Code Focused

Regular Expressions, Part 3: Business Intelligence Uses

You can do a lot more with regular expressions than you think. In this tutorial, you'll use it to convert a movie list into a CSV file for use in Excel.

In Part 1 and Part 2 in this series about regular expressions, I went over some of the key features of regular expressions and how to use them in your code.

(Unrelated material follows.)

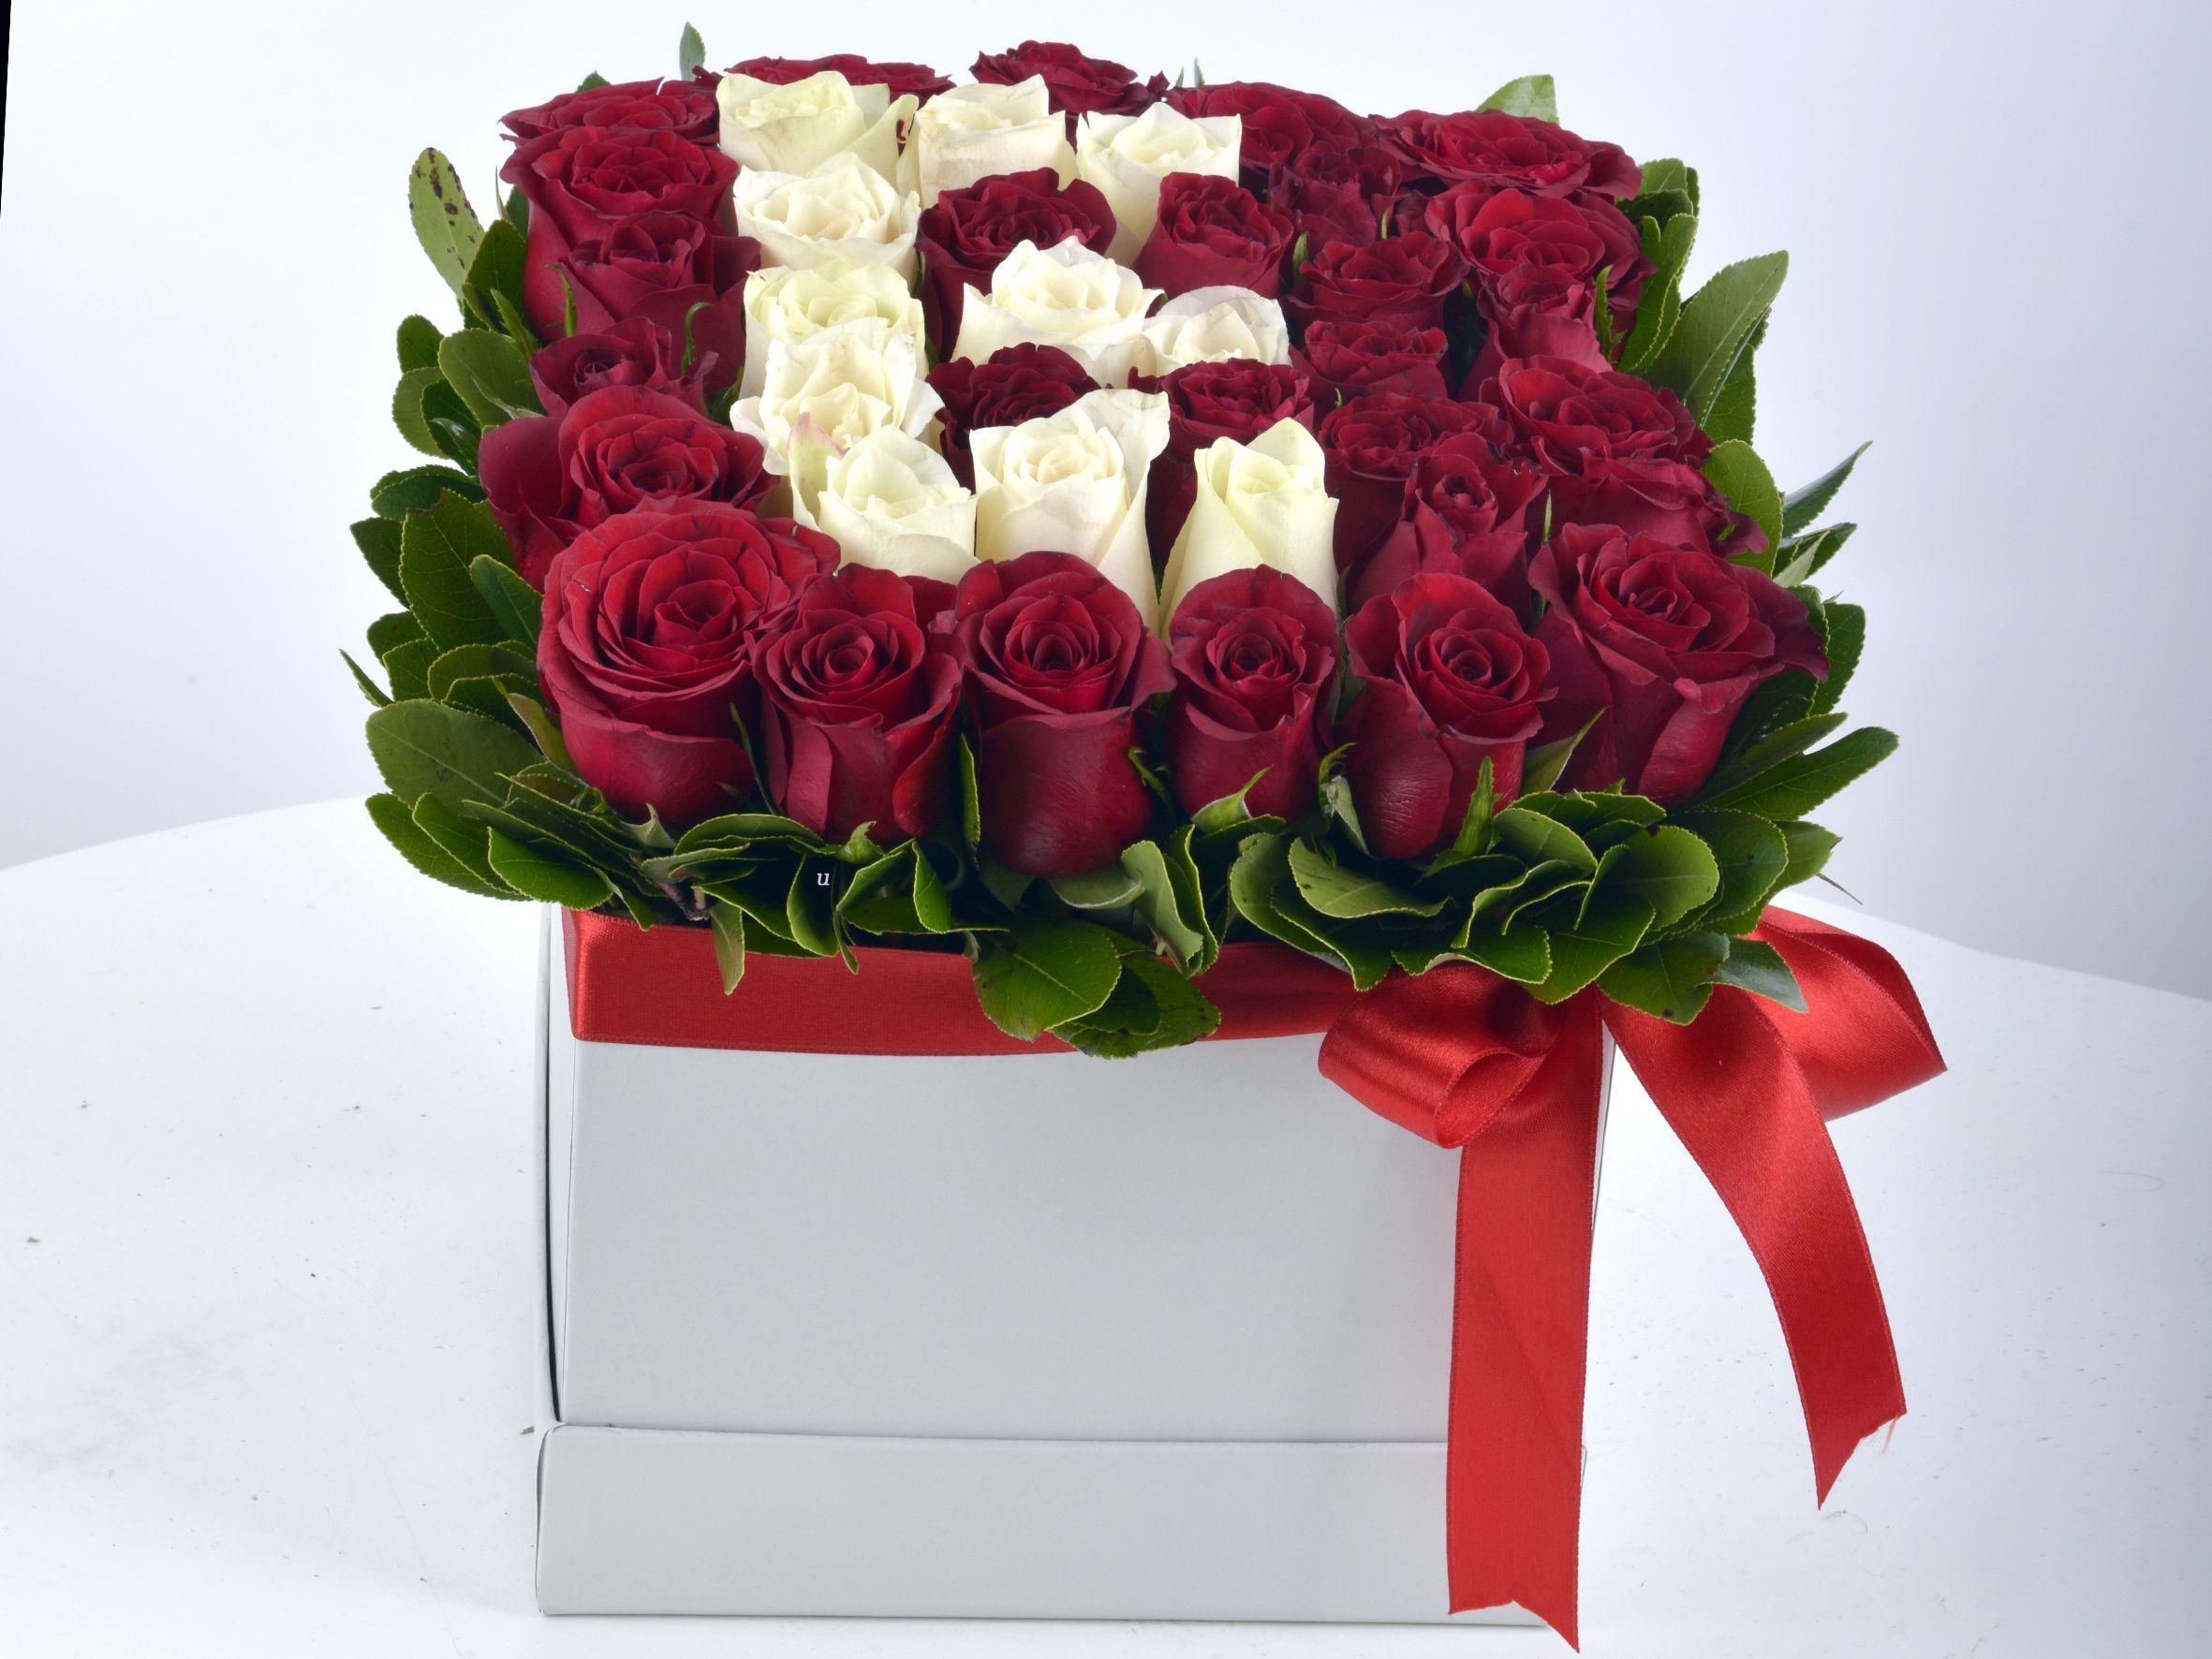 Kutuda Kişiye Özel Güllerden Oluşan Harf Çiçek.. Kutuda Aranjmanlar çiçek gönder

Regular expressions can be useful in other places, too, such as the find/replace feature of your favorite IDE or text editor, or even in business intelligence (BI).

Advanced Find/Replace
One often overlooked use of regular expressions is in the Find window of your IDE. Let's say for example you had Visual Studio open and were tasked with ensuring all private fields in some C# code were prefixed with an underscore. You could find all private fields NOT prefixed by an underscore by searching for:

private (\w+) ([^_]\w*)

This pattern reads as "the word private, followed by a space, followed by one or more word characters, followed by a space, followed by any character that is not an underscore, followed by zero or more word characters."

To then add the underscore to each of those instances, set the replacement string to:

private $1 _$2

This will replace any matches with the word private, followed by a space, followed by the first capture (the type of variable), followed by a space, then an underscore, and finally the second capture (the original variable name). To see what this looks like in the Visual Studio Find and Replace window, see Figure 1. Don't forget to make sure you check the box for Use Regular Expressions.

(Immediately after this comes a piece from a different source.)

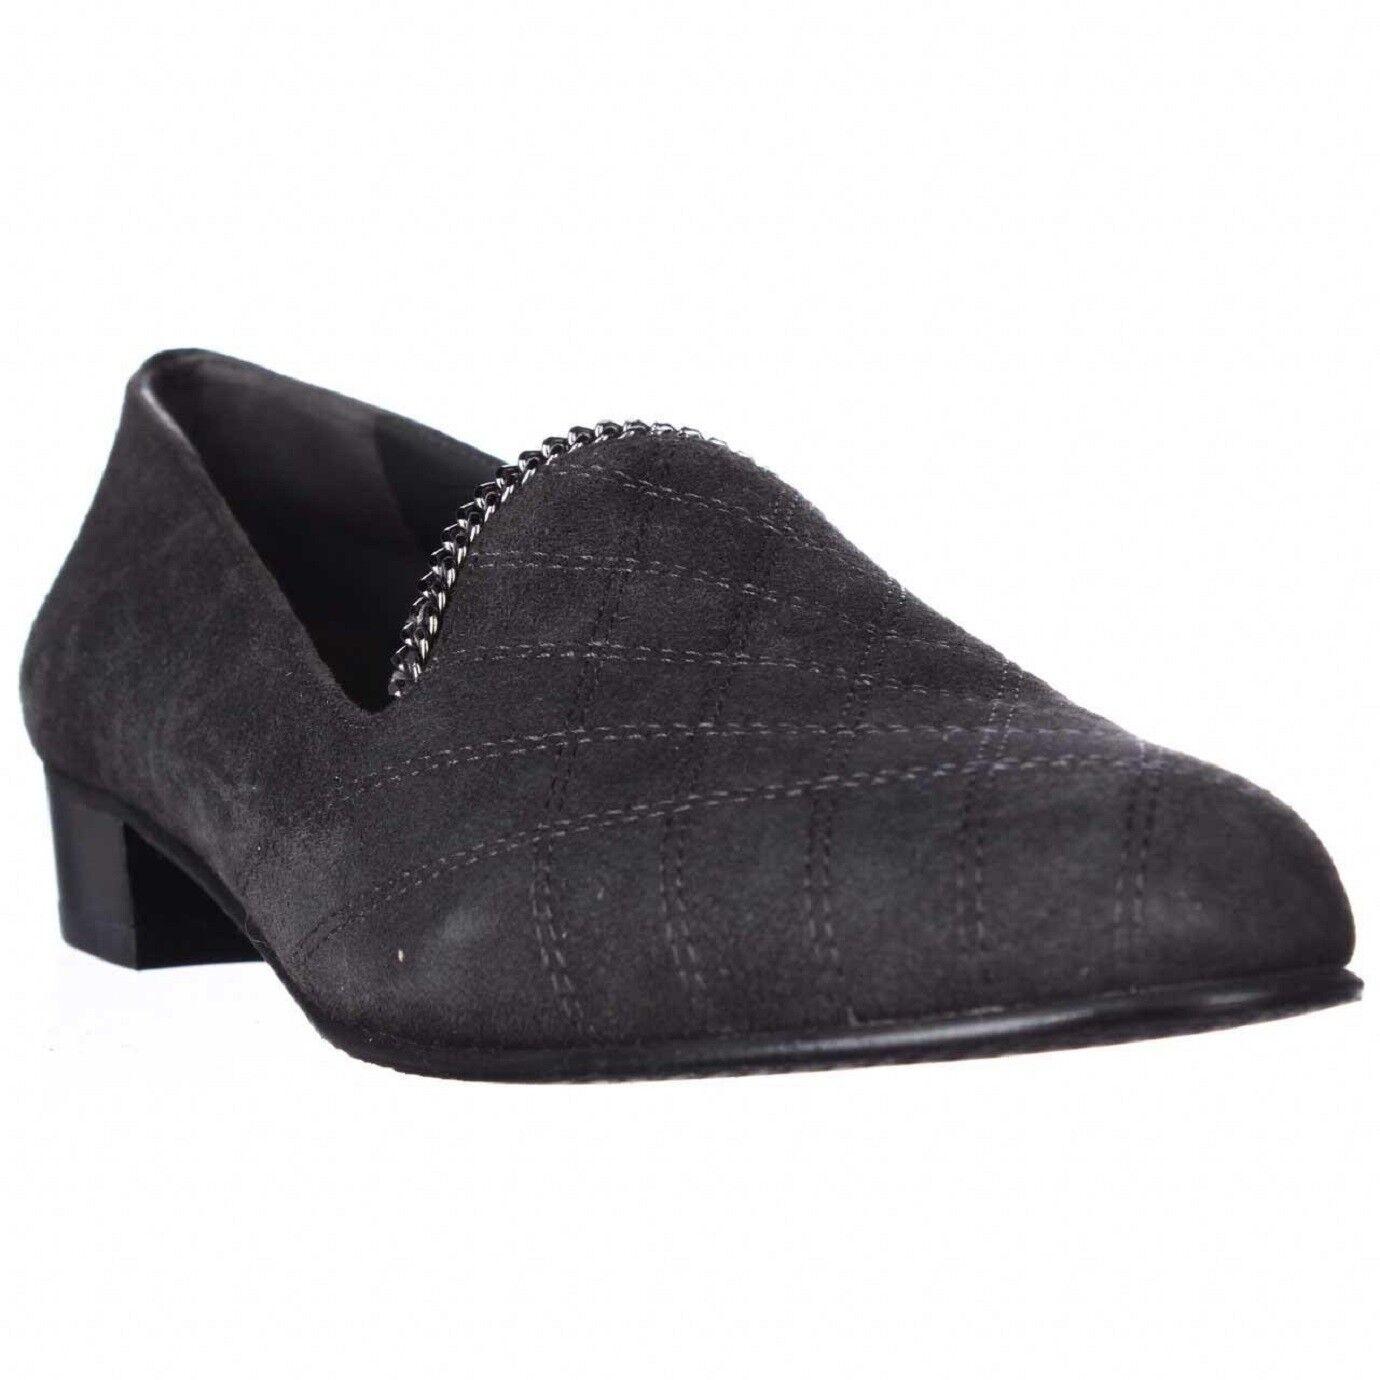 375 Stuart Weitzman femmes Hallmark Suede Loafer chaussures Slate 7.5 NEW IN BOX

[Click on image for larger view.] Figure 1. The Visual Studio Find and Replace Window

Other Uses
Another area in which regular expressions can come in handy is in simple BI. One of my clients regularly asks me to pull data from various sources, do some aggregation and put it into a spreadsheet. In doing this, I've seen a multitude of data sources: HTML, documents using custom markup languages, social network feeds, and even a zip file full of unrelated text files. And while many tools exist for parsing specific things such as HTML or XML, I usually turn to using regular expressions first, before switching to a more specific tool if necessary.

I generally use a free tool called Expresso, which allows me to quickly build the expression I'll use for parsing.

A Fictional Requirement
To show an example of using regular expressions in BI, I'll begin with the following requirement: Convert the list of the top 250 movies on IMDB into a spreadsheet, with columns for the name of the movie, the year it was released, the IMDB rating and a link to the movie page. A simple enough requirement, but simply copying the table into Microsoft Excel isn't enough.

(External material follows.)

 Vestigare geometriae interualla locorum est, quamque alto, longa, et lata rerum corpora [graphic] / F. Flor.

Please note the page I used at the time of this writing is located here, but due to the nature of the Internet, it may have changed by the time you read this. If you're trying to follow along but can't, try the code download accompanying this article. It contains an HTML file that will work with the sample RegEx patterns provided later.

The first step in getting the data is to get something to feed into the RegEx engine, which in this case will be the HTML source of the page. When on the page, your browser should have an option to view the source (typically you can right-click on the page and choose the View Source option, but this may vary based on your browser).

Next, copy the HTML and paste it into the Expresso Sample Text pane (under the Test Mode tab). Your screen should resemble Figure 2.

[Click on image for larger view.] Figure 2. Pasting the HTML into the Expresso Sample Text Pane

Once the raw HTML is in Expresso, find the block of data you're targeting. For my example, I'll use the Find function in Expresso to search for "Shawshank Redemption," one of the movies in the list. Now look around for the other data points you want to capture. Next, copy the whole block into Notepad, allowing easy reference as you write the RegEx pattern. The text I've copied out is shown in Figure 3.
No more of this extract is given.